What the exercise asks:
The reply should reproduce every line of the data below word for word, minus any images.

Dataset content:
##########
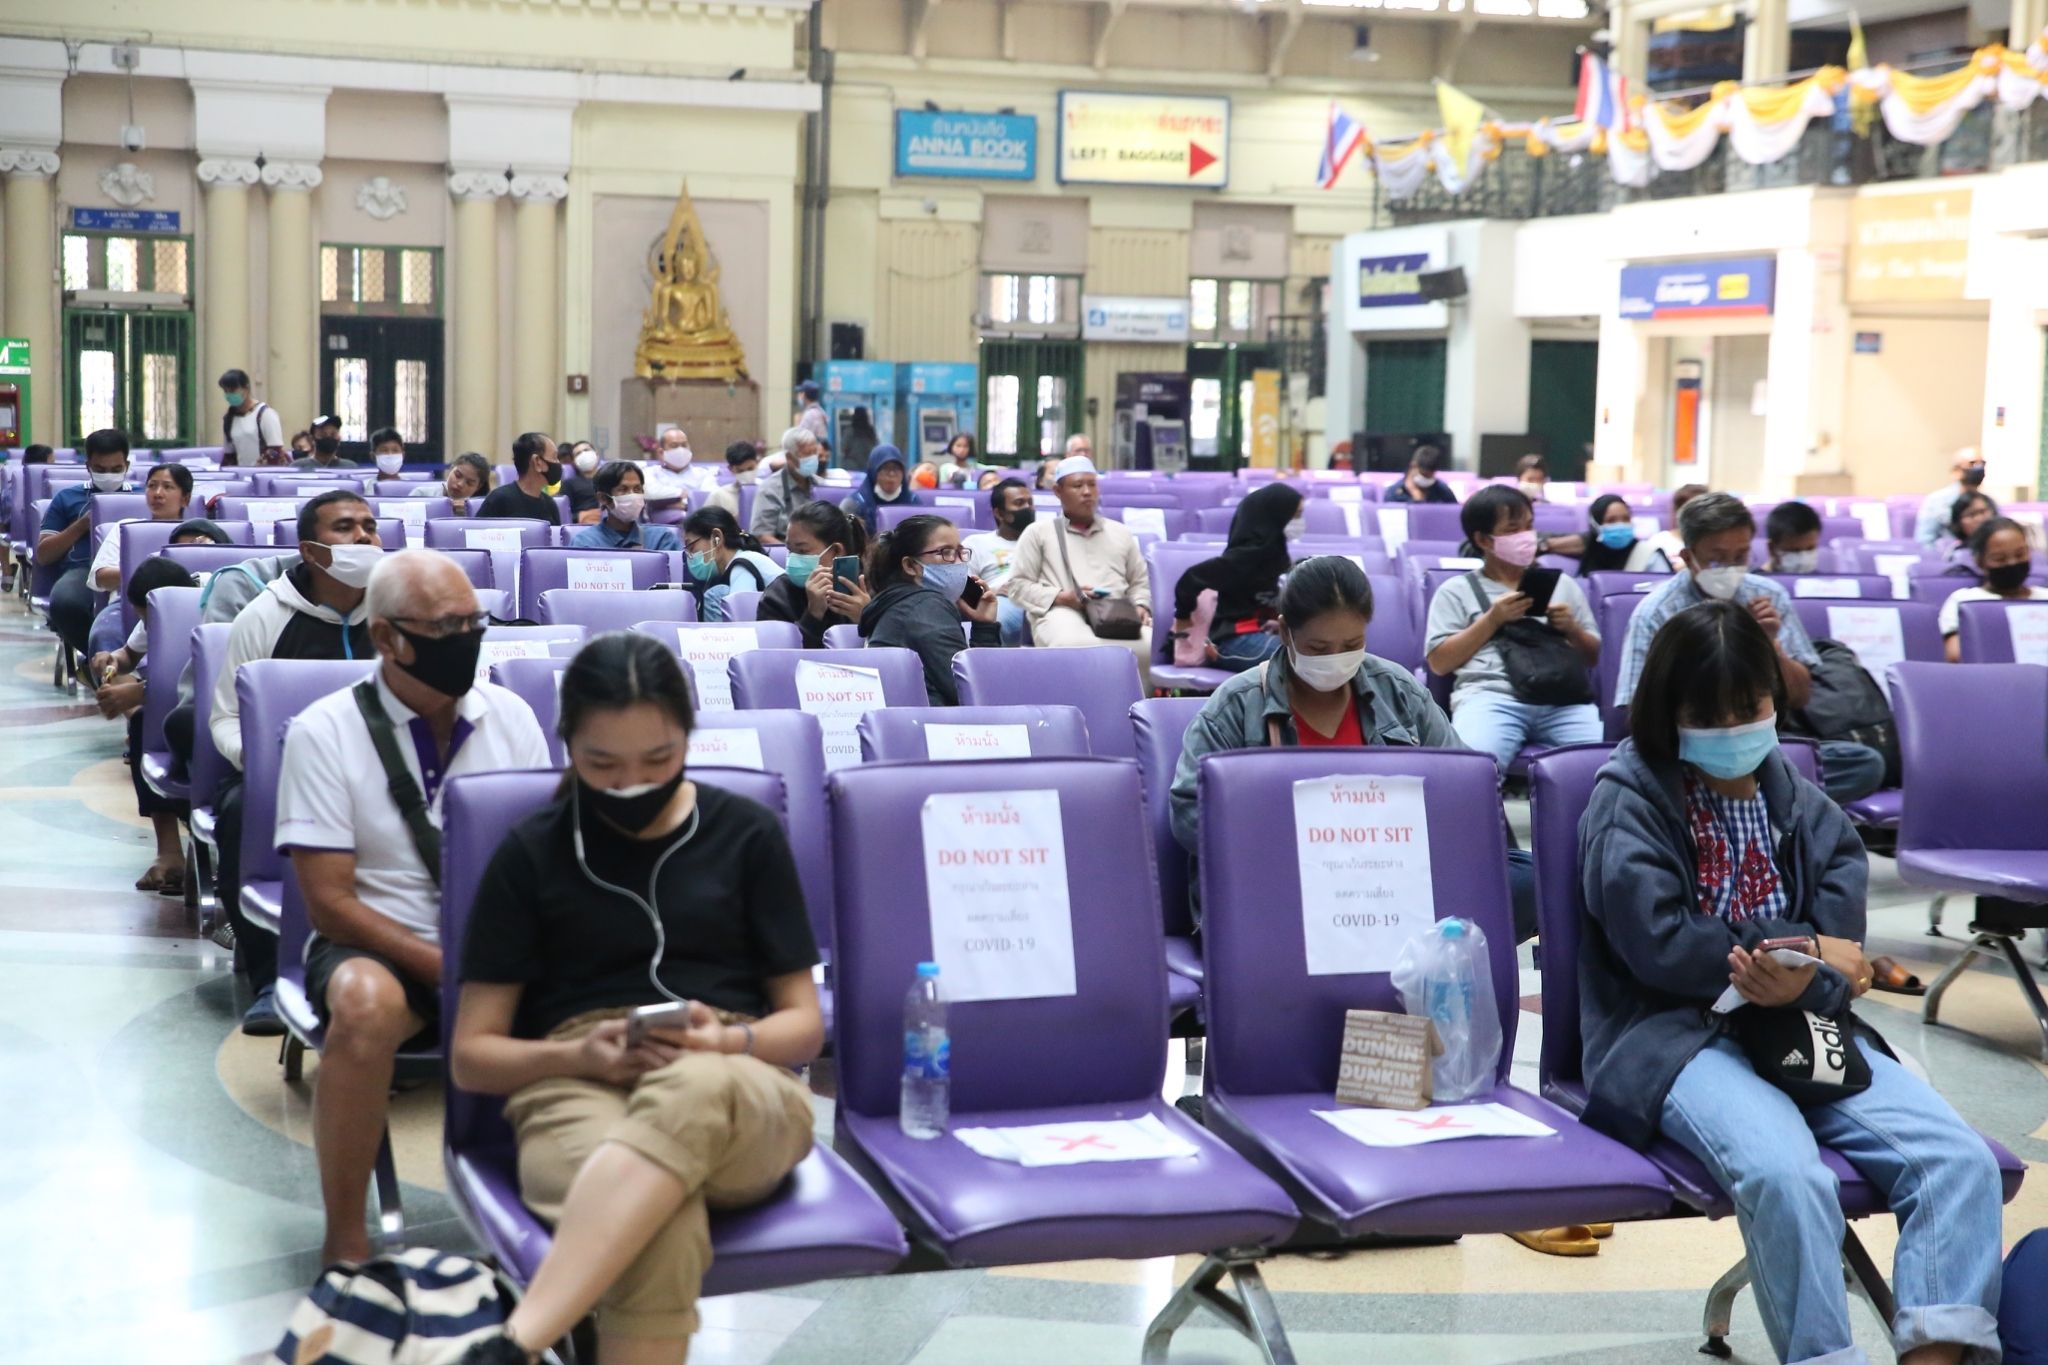 ‘Do not sit,’ read signs enforcing social distancing on chairs at Bangkok’s Hua Lamphong Station. Photo: JS100 Radio
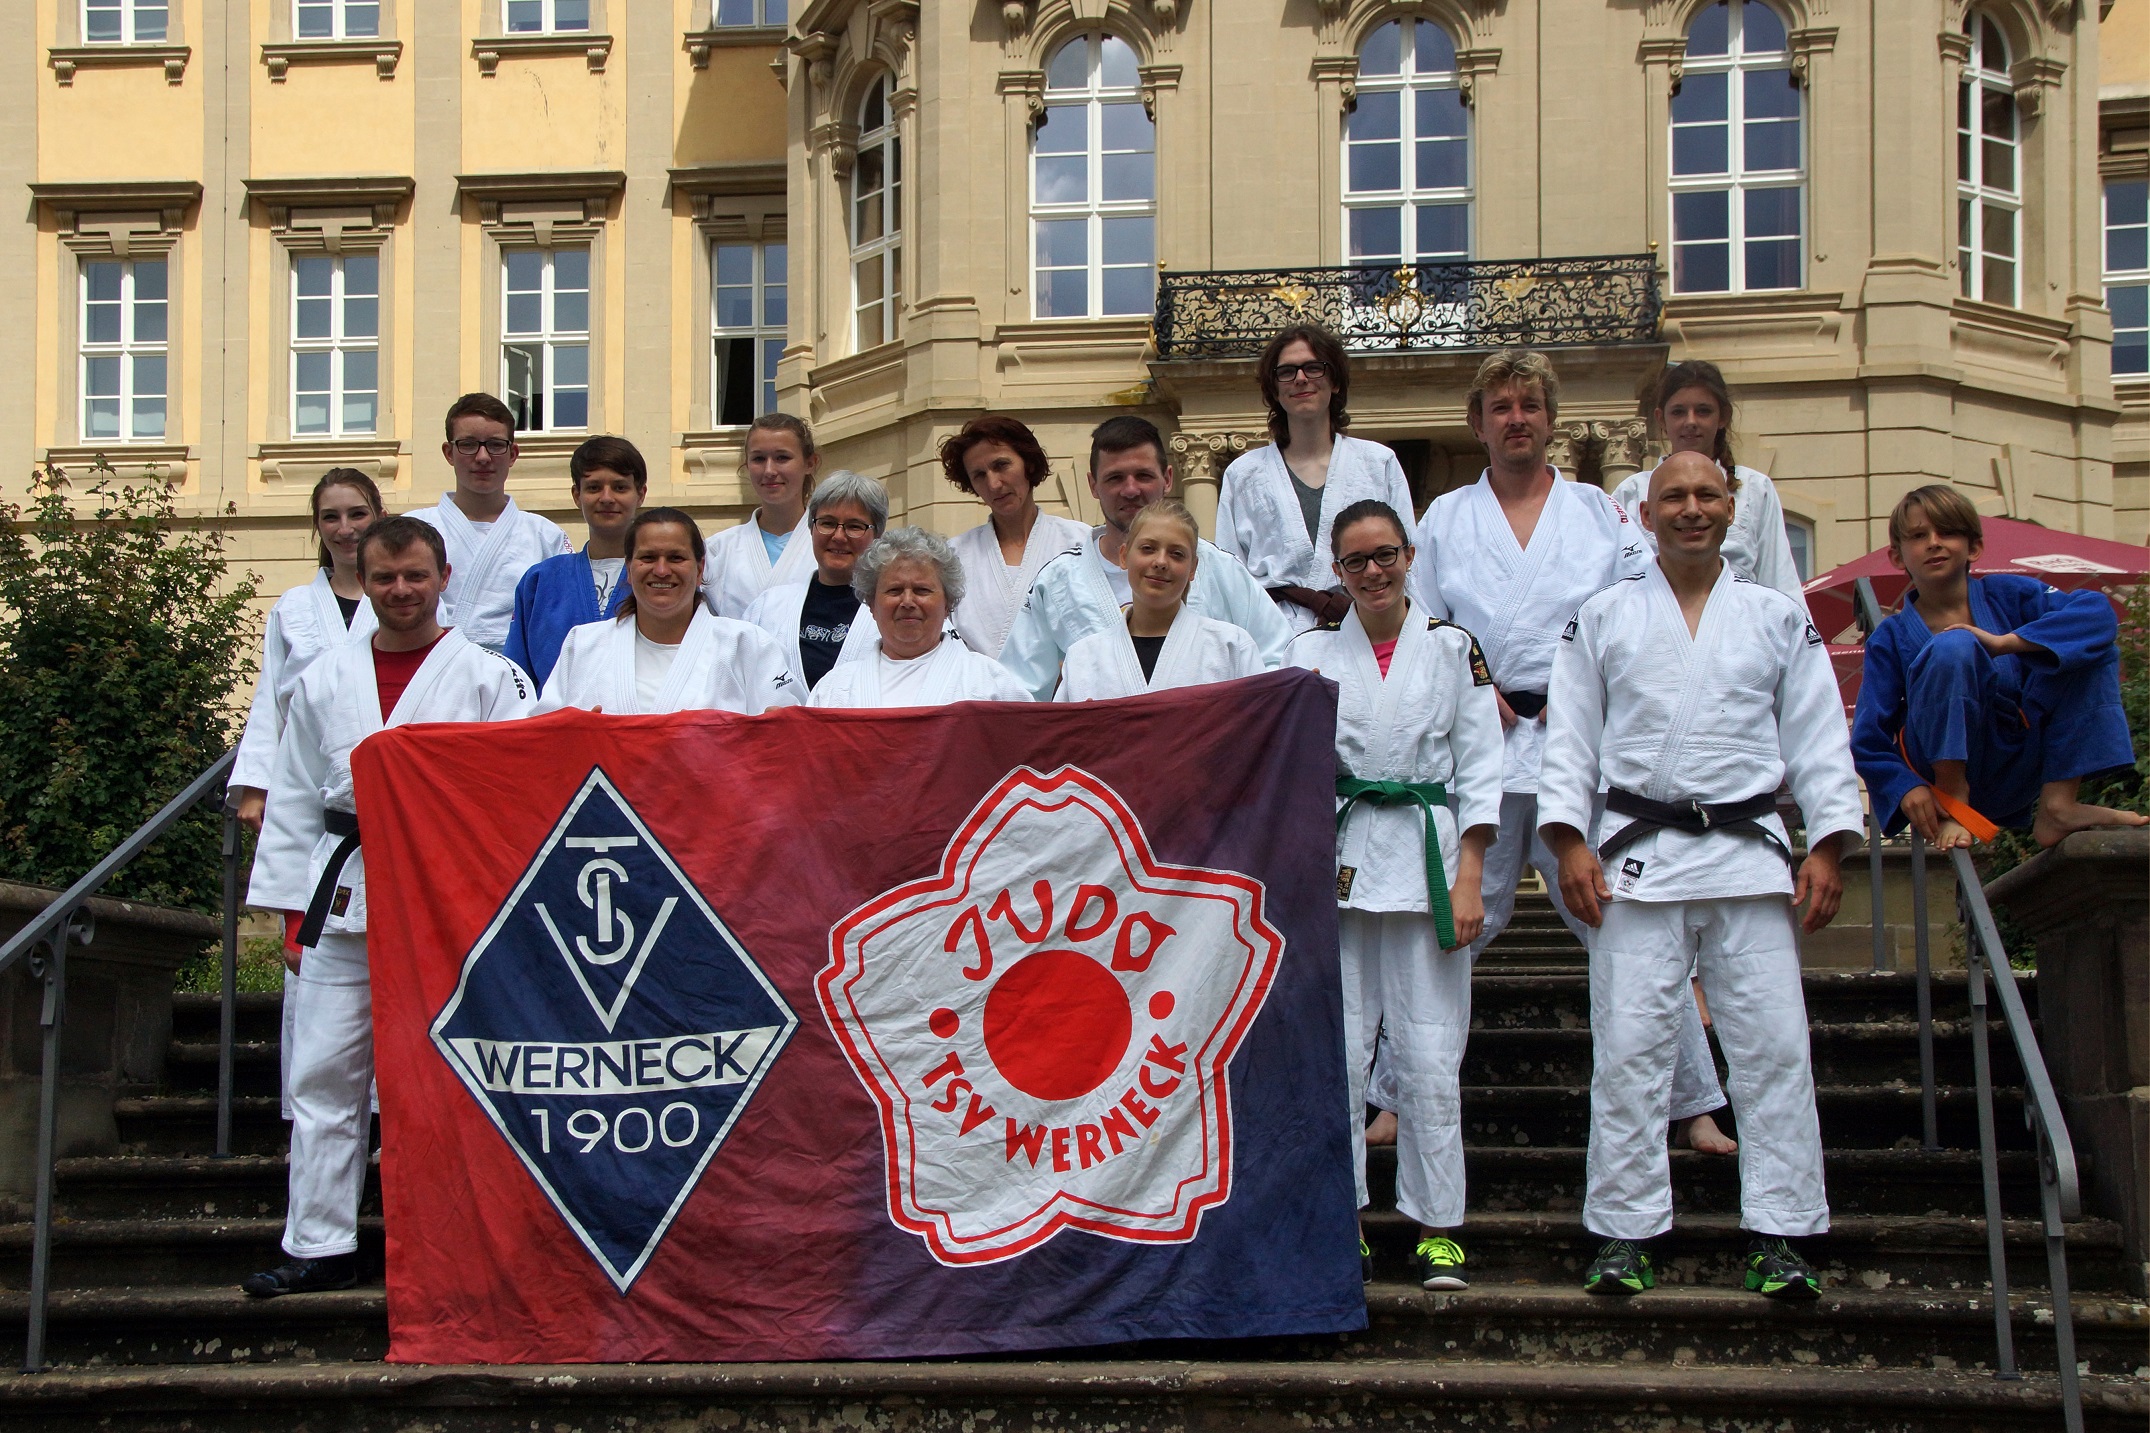 Bild: Gruppen Bild, alle Judokas haben ihren Judoanzug an. Es wird ein Poster nach vorn gehalten auf dem das Logo des Sportvereins und der Judo Abteilung ist.
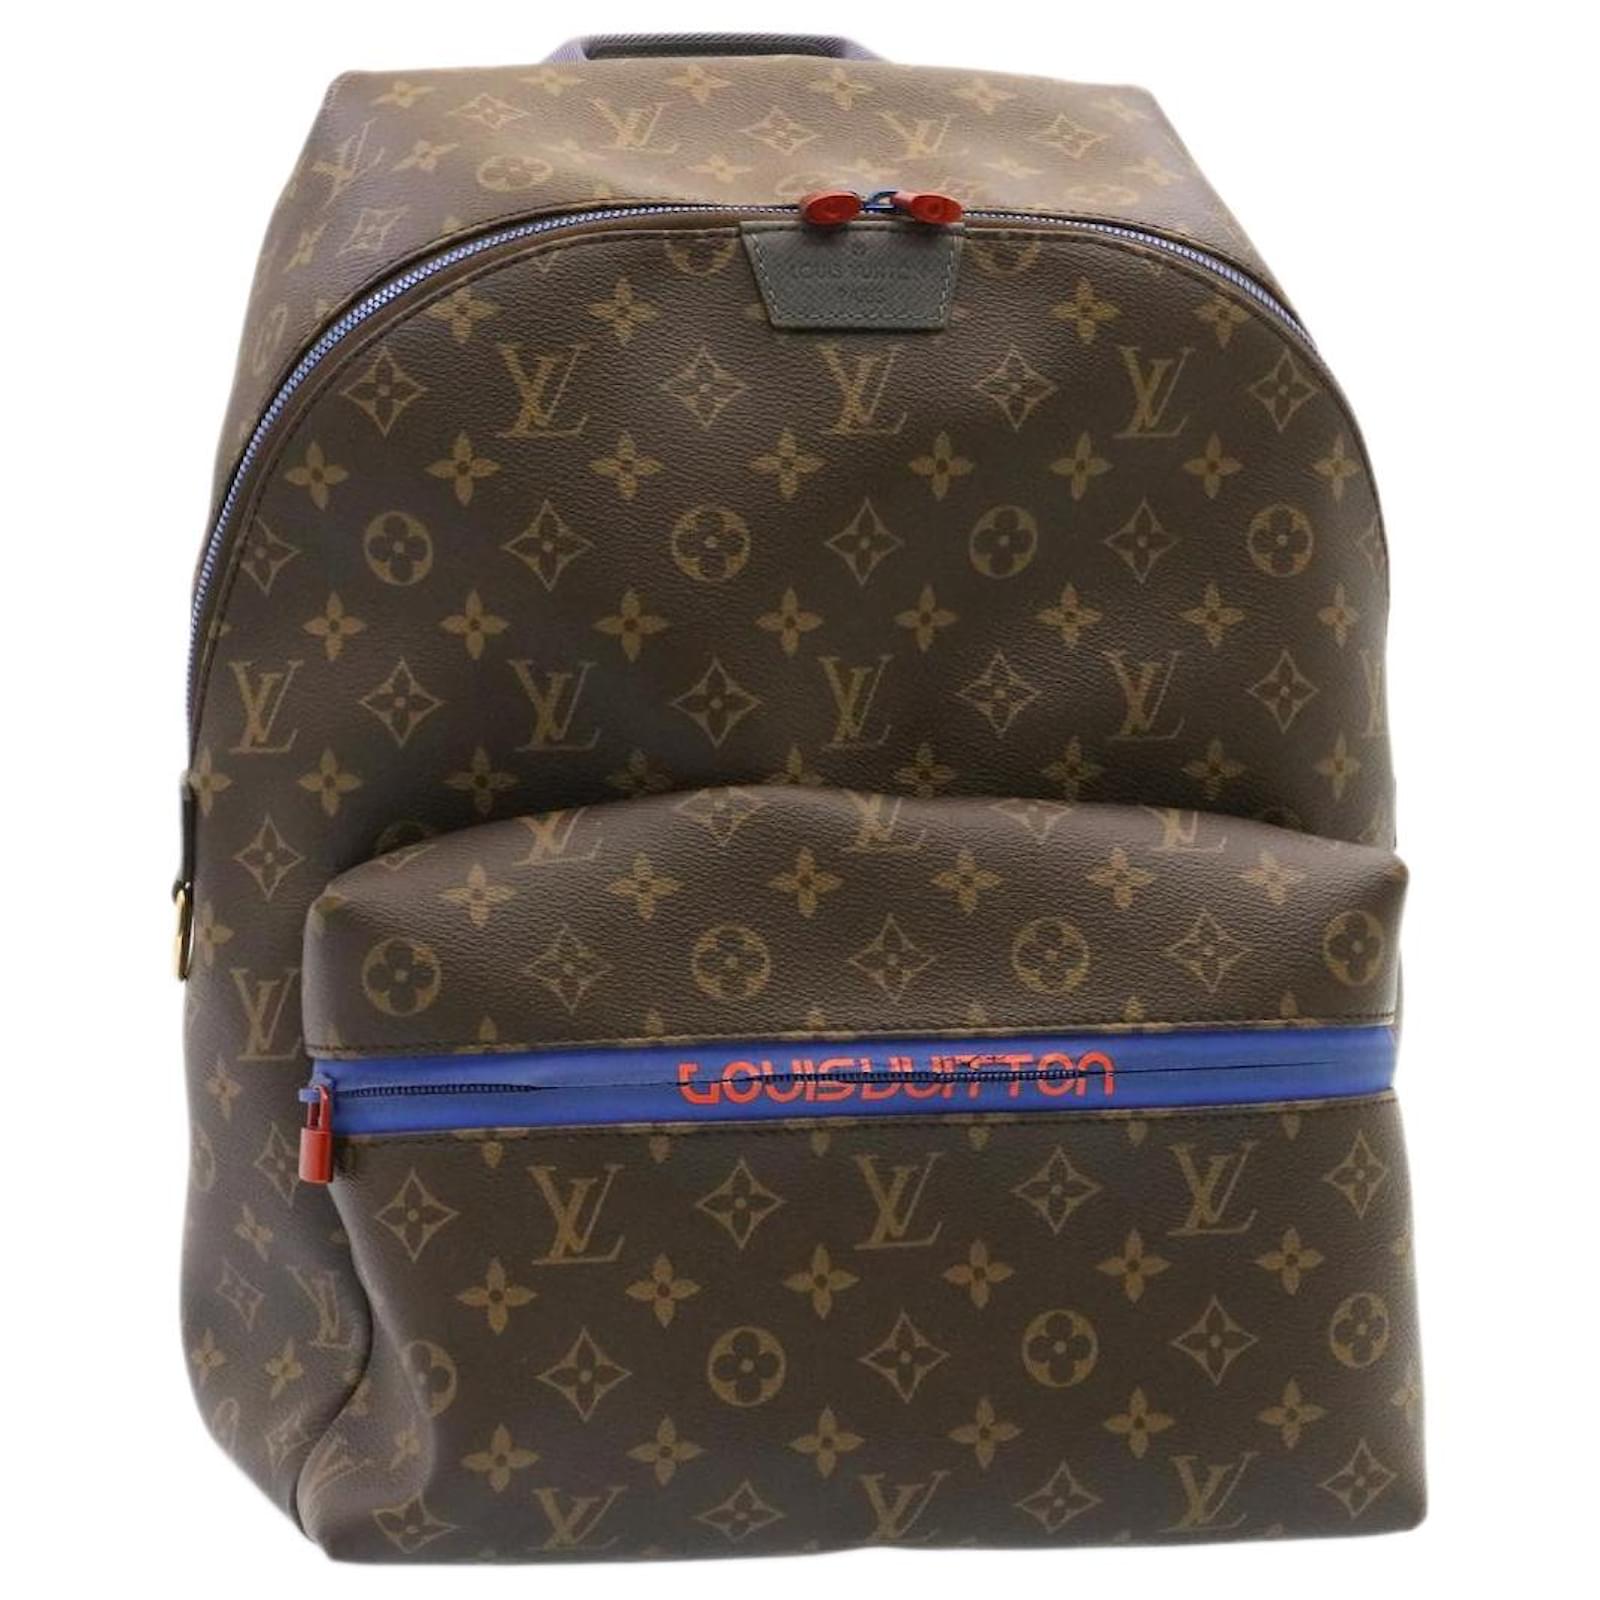 Louis Vuitton Apollo Backpack
##########
Reply to the task:
 ‘Do not sit,’ read signs enforcing social distancing on chairs at Bangkok’s Hua Lamphong Station. Photo: JS100 Radio
 Bild: Gruppen Bild, alle Judokas haben ihren Judoanzug an. Es wird ein Poster nach vorn gehalten auf dem das Logo des Sportvereins und der Judo Abteilung ist.
 Louis Vuitton Apollo Backpack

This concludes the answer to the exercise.